Goodbye MapReduce, Hello Spark

For those of you not familiar with Spark, it is a cluster computing framework developed in AMPLab at UC Berkeley. Unlike MapReduce, which writes its data to disk between steps, Spark attempts to perform all of its computations in memory which can yield significant performance improvements. It is generally thought that Spark is ideal for working with data that can fit in a cluster’s memory, but it has also shown better performance than MapReduce when working with data on disk.

This post isn’t meant to be a how-to, but rather to explain our motivation behind the migration of the entire pipeline (batch and streaming) to Spark. The reality also isn’t quite as dramatic or as abrupt as the title would suggest. We’ve been using Spark in one form or another since mid 2013. We started using it to write streaming jobs to inform our predictive models and populate real-time dashboards.

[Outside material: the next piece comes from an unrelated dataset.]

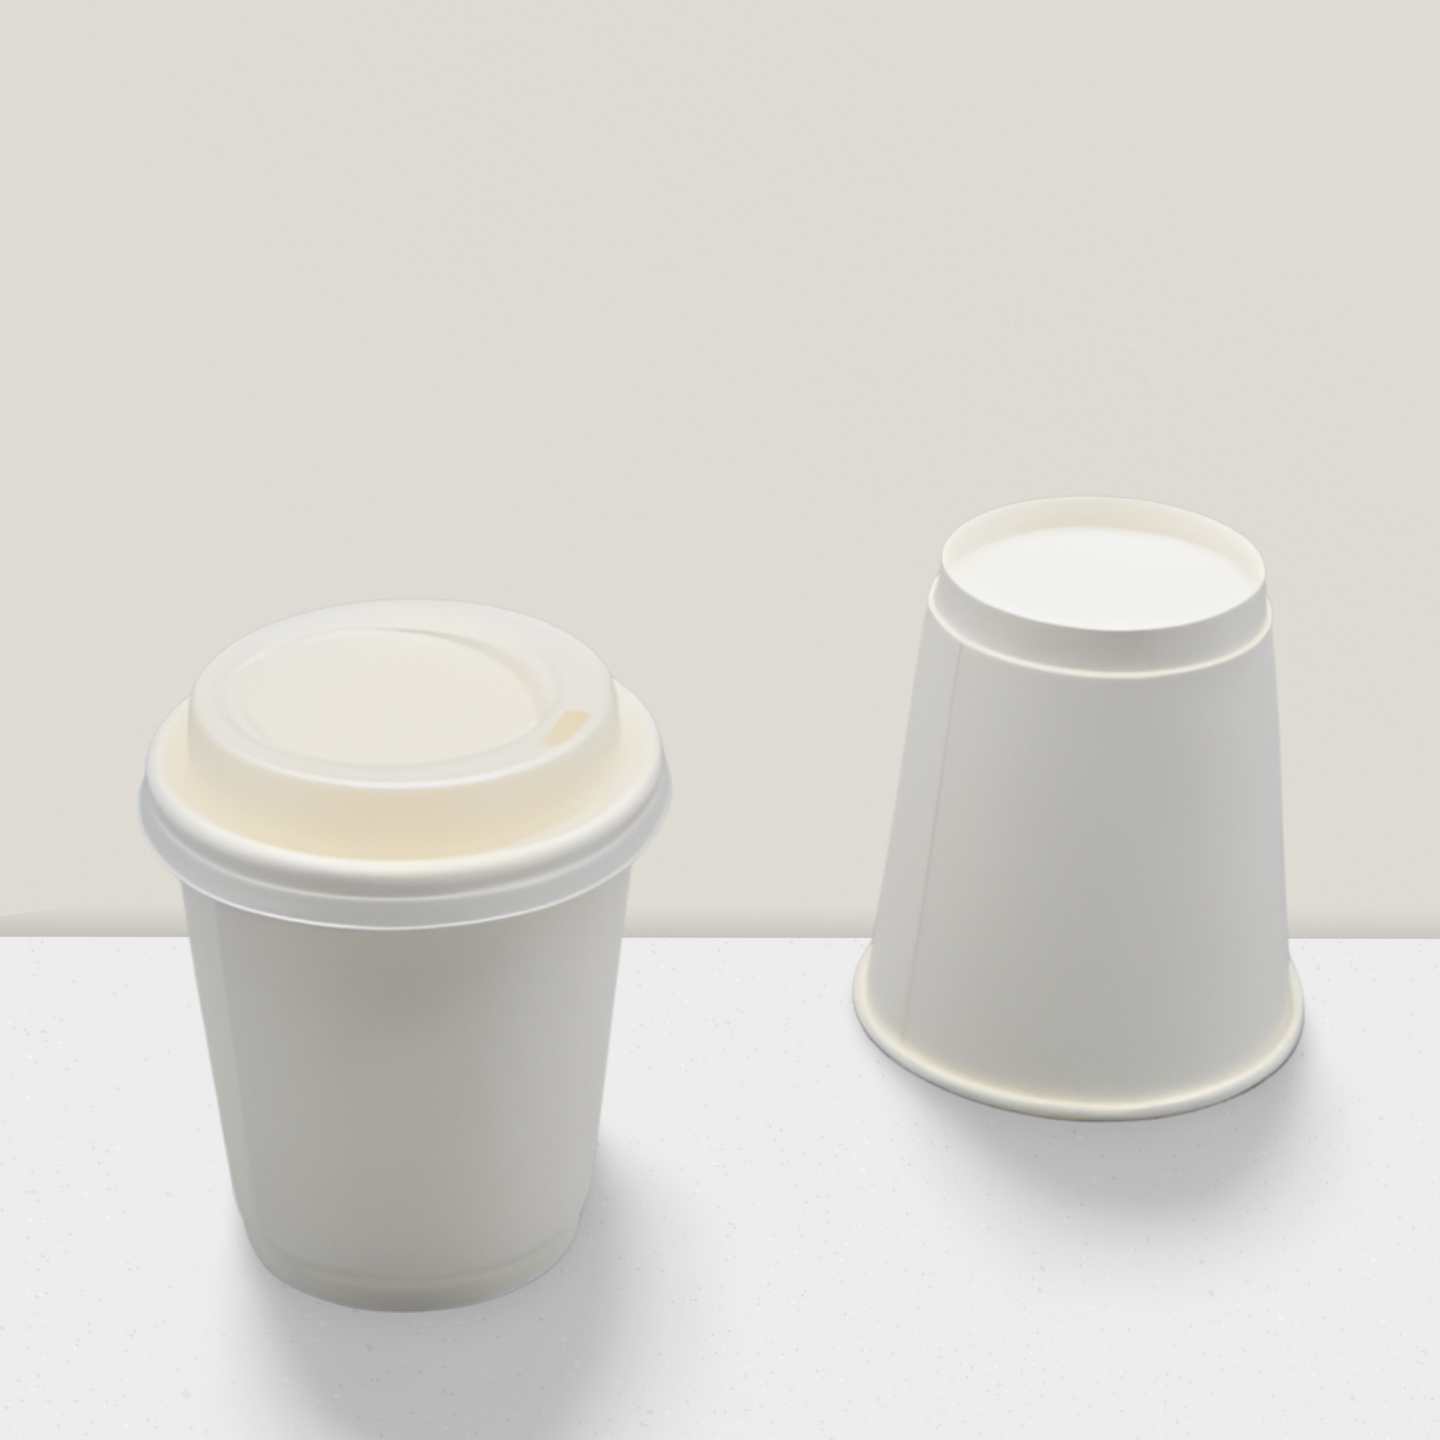 Recyclable 7oz Paper Cup (4)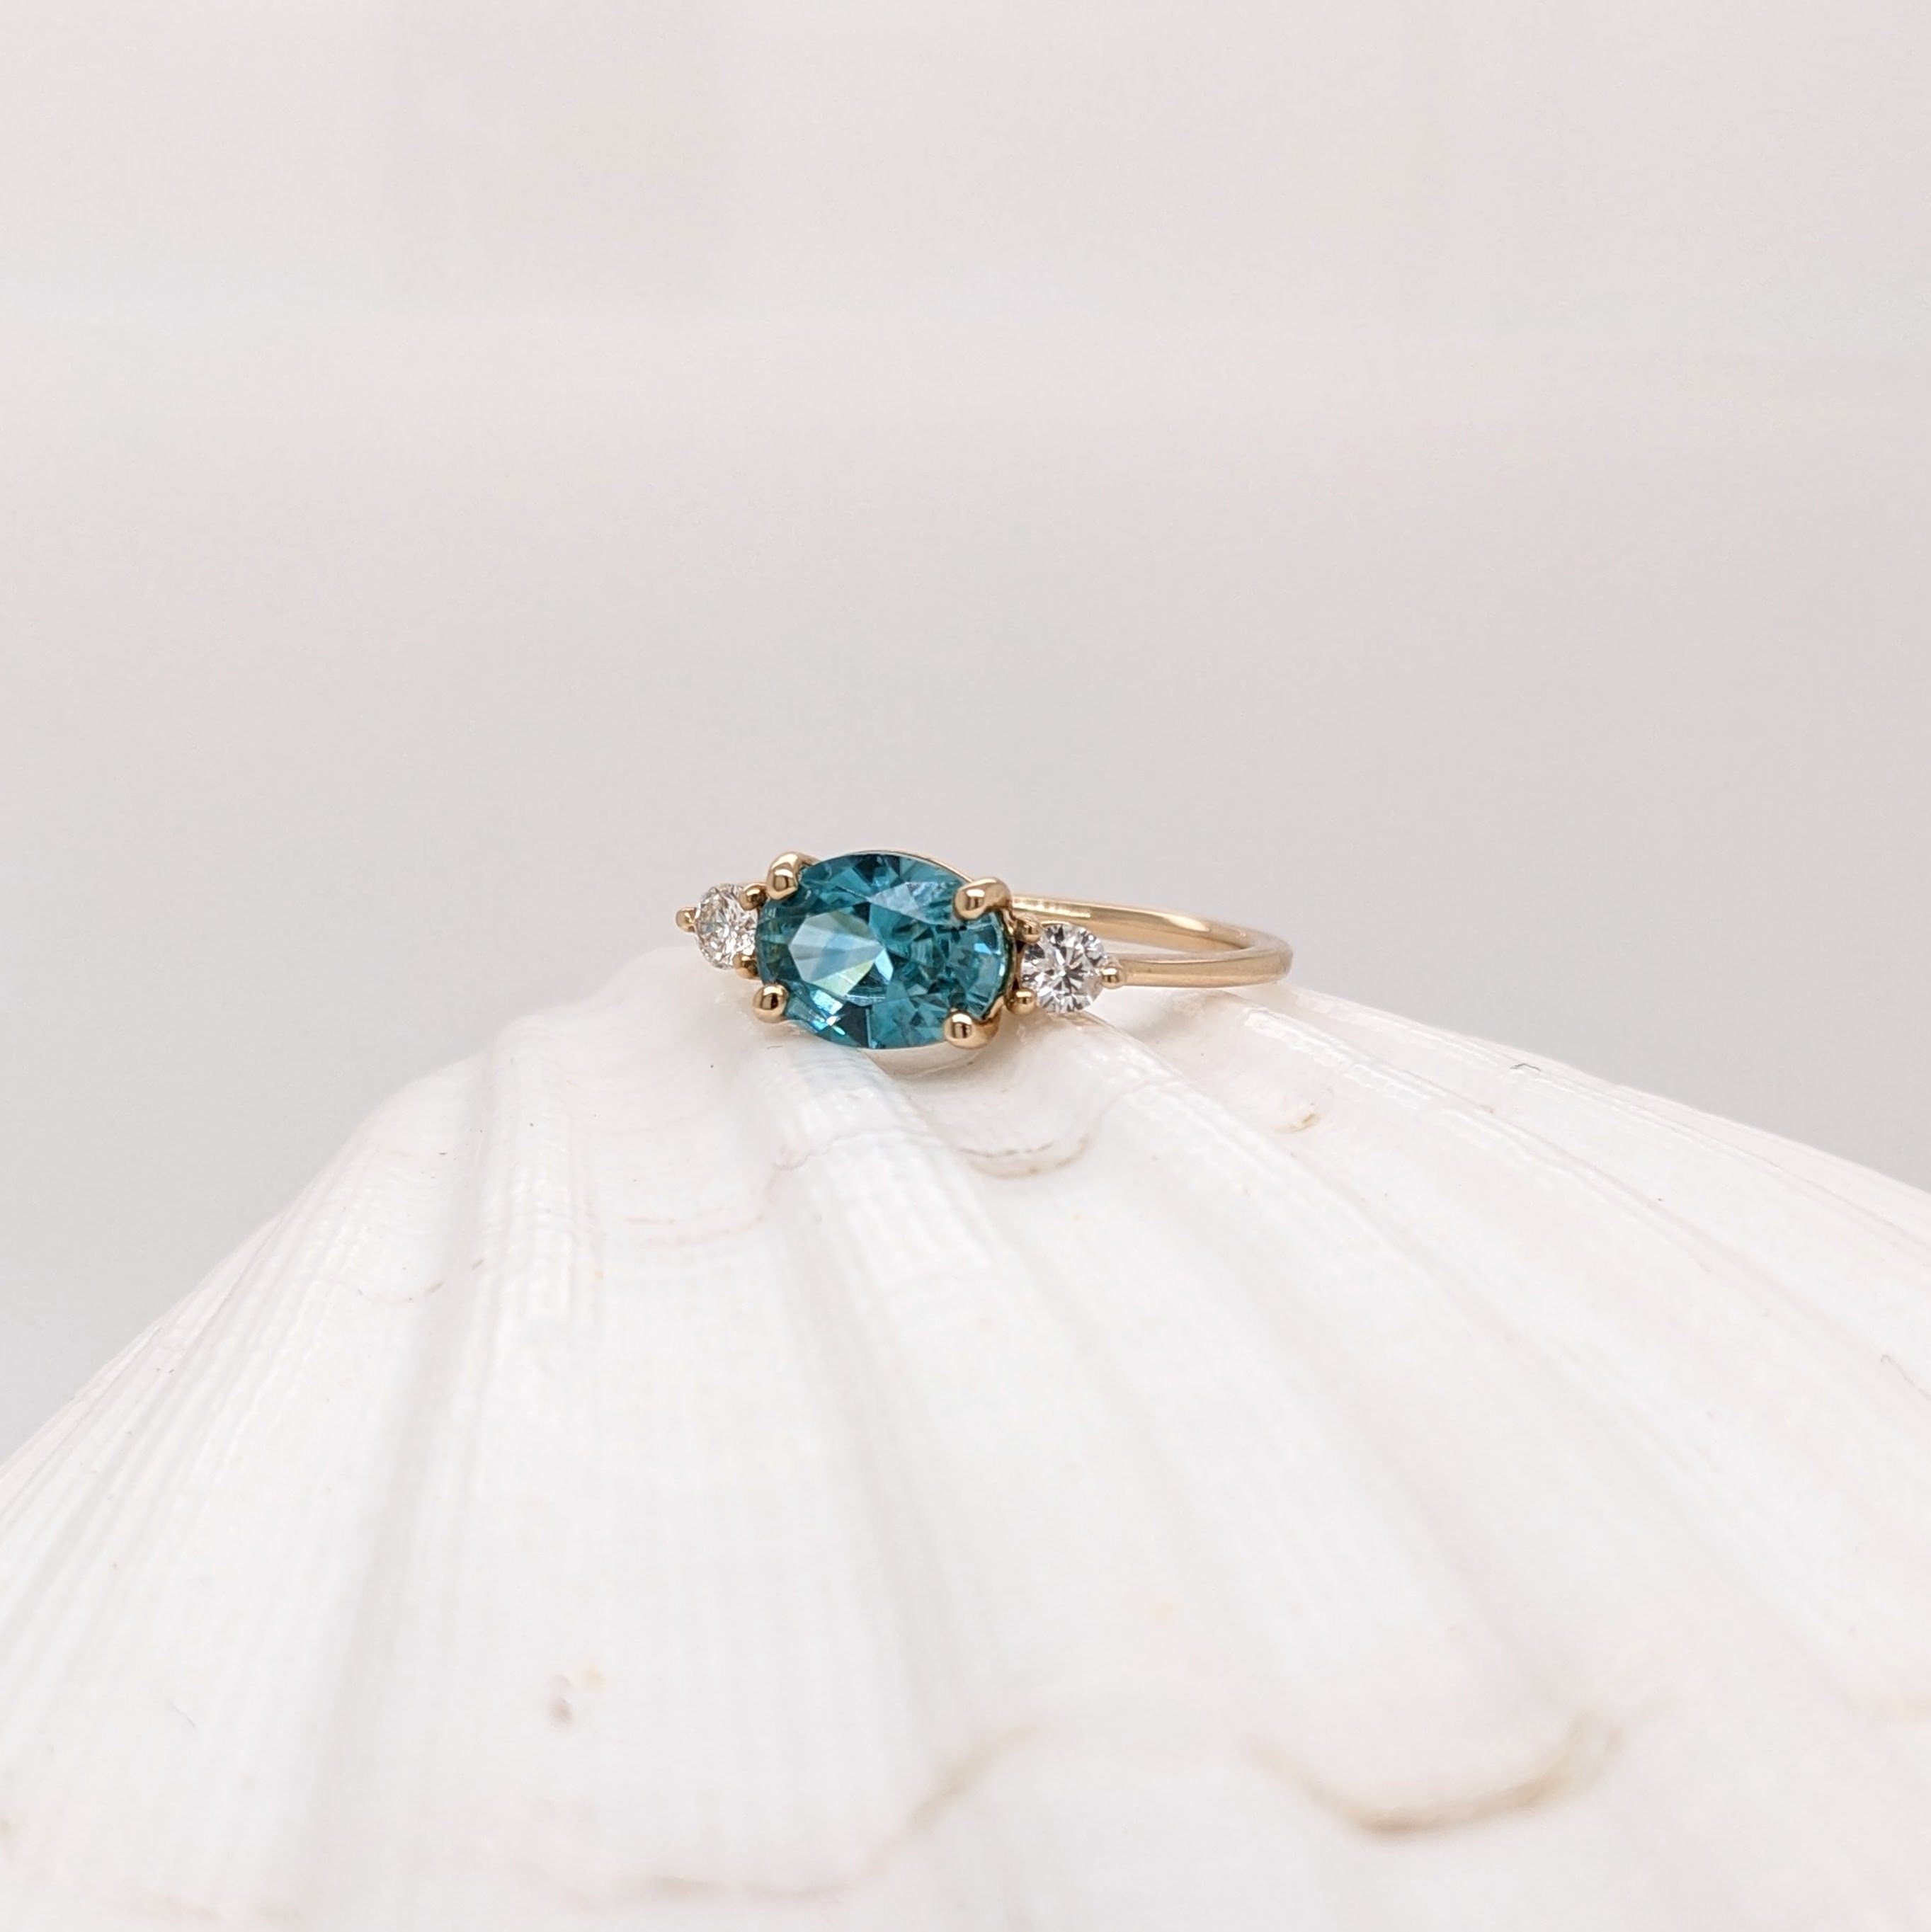 Dainty Oval Cut Blue Zircon Ring in Solid 14K Yellow Gold with Natural Diamond Accents | 8x6mm | December Birthstone | Prongs | Daily Wear |

About a year ago, we brought in Databricks cloud, a fully managed spark cluster, to do ad-hoc data analysis, reports, and investigations. All that was left to complete the switch to Spark was to migrate our batch processing pipeline. This turned out to be relatively low effort since we were using Scalding’s Typesafe API to write our MapReduce jobs. Our biggest challenges actually came when trying to run Spark on YARN/EMR, but more on that in a later blog post.

Now that we’ve been running our entire data pipeline on Spark for the last several months, what have we gained?

  • A single framework on which we write all of our jobs.
  • Code re-use between different jobs and different types of jobs (Streaming vs. Batch).
  • A 2x performance improvement in our batch jobs.
  • Spark and Databricks has enabled us to open up the platform to data scientists and product managers.
  • The REPL makes the feedback cycle much quicker when developing on Spark.
  • On the back-end, we’re primarily a Scala team, and Spark code fits in better with the Scala paradigm.

In addition to this recent migration of batch jobs to Spark, we were also able to simplify our infrastructure a bit. Before, we had streaming clusters running on Mesos, Scalding Jobs on a CDH cluster, and a stand-alone DataBricks cluster on AWS instances. While we kept the DataBricks cluster, we got moved off of CDH and Mesos, and settled on AWS EMR clusters allowing us to standardize on ops.